Coals glowing in the fireplace shed red-orange light on the carpet and made looming dark things of the room's furniture. On the mantel a 365-day clock click-clunked against the sifting noise of snow floating down outside the frost-thick window. Drowsy from lovemaking, Will burrowed his back into the mattress and curled a hand around his wife's naked shoulder. "You haven't told me how you liked the play."
"I didn't think you wanted to hear about it." She was tense under the counterpane, straining to hear Kit's labored breathing through the open door of the next room, which he shared with his sister. The boy had a bad chest cold. "You stopped the play to call out to me how bad you thought you were."

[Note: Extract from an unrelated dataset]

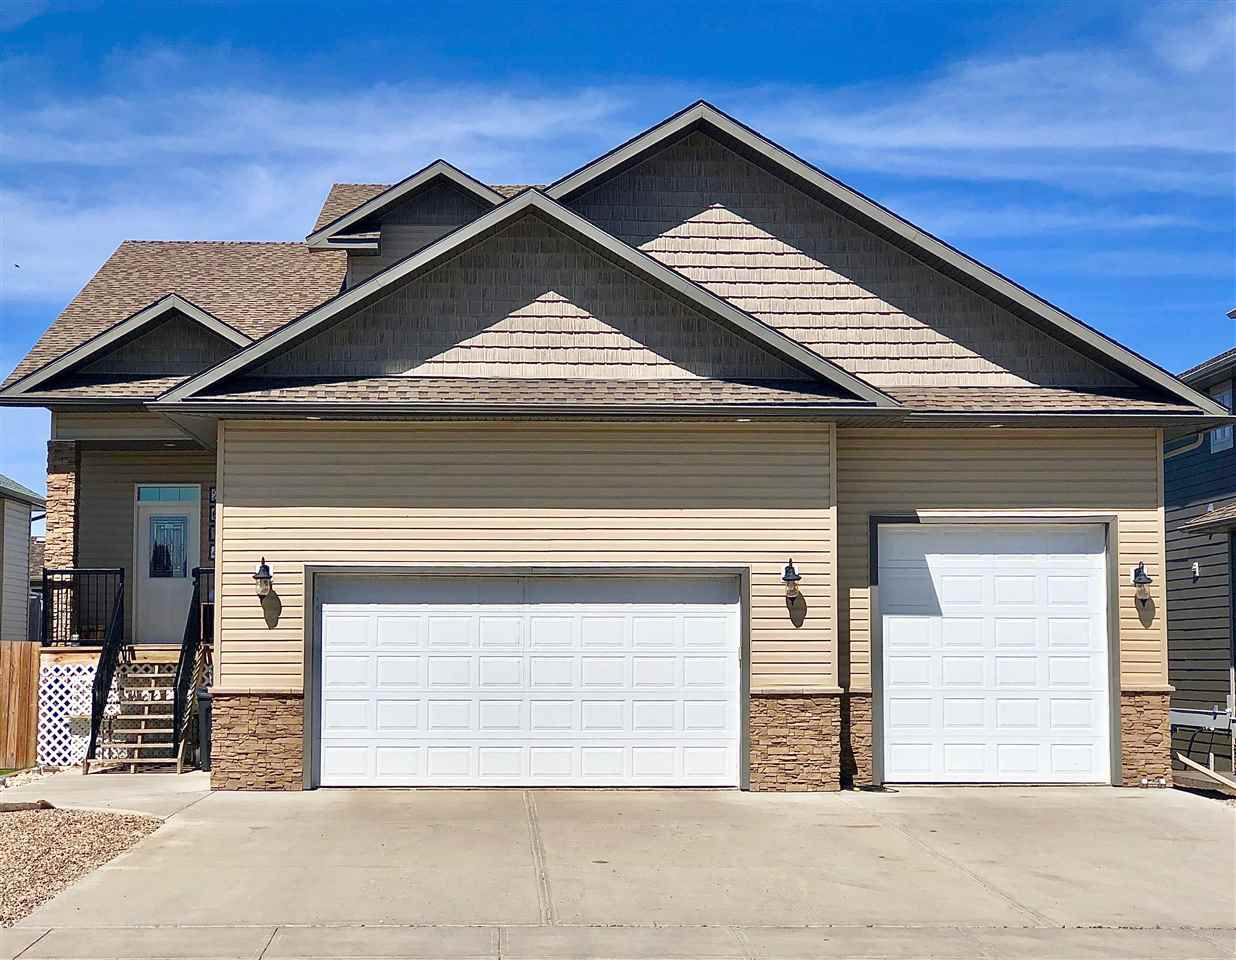 Main Photo: 2614 Lake Avenue: Cold Lake House for sale : MLS®# E4157587

"That's because when I spotted you I remembered I was just playacting. The audience appreciated it."
"They agreed with you."
"They know me in St. Louis, that's why. I think they liked the play even better than the audiences in Chicago."
"They liked that woman."
"Dove Eye?" He laughed. "She's the only woman in the cast. They had no choice but to like her."
"Do you?"
"I like you, Mama." He squeezed her.
"That's no answer."
"She dislikes me as much as she likes Texas Jack, and that's plenty. Not that you'd know it from the words Judson puts in their mouths during the love scenes." He snorted. "One of the Chicago critics found out he wrote Scouts in four hours and said he wondered why it took so long."
"I know. You sent me the clippings." She listened to the clock. "Is Elizabeth prettier than I am?"
He was silent for a moment. Then he swiveled to face her. "Christ, Mama, Lizzie's my cousin!"
"You wouldn't know it from
the way you go on about her in your letters."
"I never did."
"You sound like a schoolboy in love with his teacher."
They were arguing when Kit started coughing, an alarming whoop with a phlegmy rattle. Louisa got up to give him codeine. The boy accepted the spoonful of thick syrup and fell asleep immediately. Will was snoring when she returned, or pretending. She watched his face in repose, so like his son's, the faint light glimmering on skin as smooth as a child's despite constant exposure to weather. She envied the Codys their perfect skin; her own was rather coarse and already drying out at twenty-four. Elizabeth Guss would have the Cody skin, she knew, just as Mlle. Moriacchi's trim figure accentuated her own thickening breeder's frame. And those were just the ones she knew about.
At length she took off her robe and slippers and climbed in beside her husband, where she listened to his heavy, measured breaths and the clock paying out time and the quietly hissing stream of snow and doubt piling up on the sill outside.
Chapter Eight
The passenger unfolded himself from the horse-drawn cab to an astonishing six foot two, resplendent in black cutaway, string tie, ruffled shirt, flowered vest, salt-and-pepper trousers, and high-sheen boots whose heels added yet another two inches to his height. The features under the broad brim of his Stetson were equally arresting; blue-gray eyes, large hooking nose, and a long upper lip pushed into a permanent pout under a flowing moustache that masked the beginnings of jowls where the ends hung down. His hair, darkened with pomade, spilled in perfumed ringlets to his shoulders.
"Five dollars," announced the driver, handing down the other's valise and carpetbag.
Their owner paused with his hand inside his coat. "I was advised to give you no more than two."
"No, it's five."
He produced a flat leather wallet and removed two singles.
The driver flexed the muscles under his tight coat. He was several inches shorter than the other man but built square and solid. His nose had been broken more than once. "Give me five dollars, you backwoods dude," he growled, "or I'll tan your hide for you."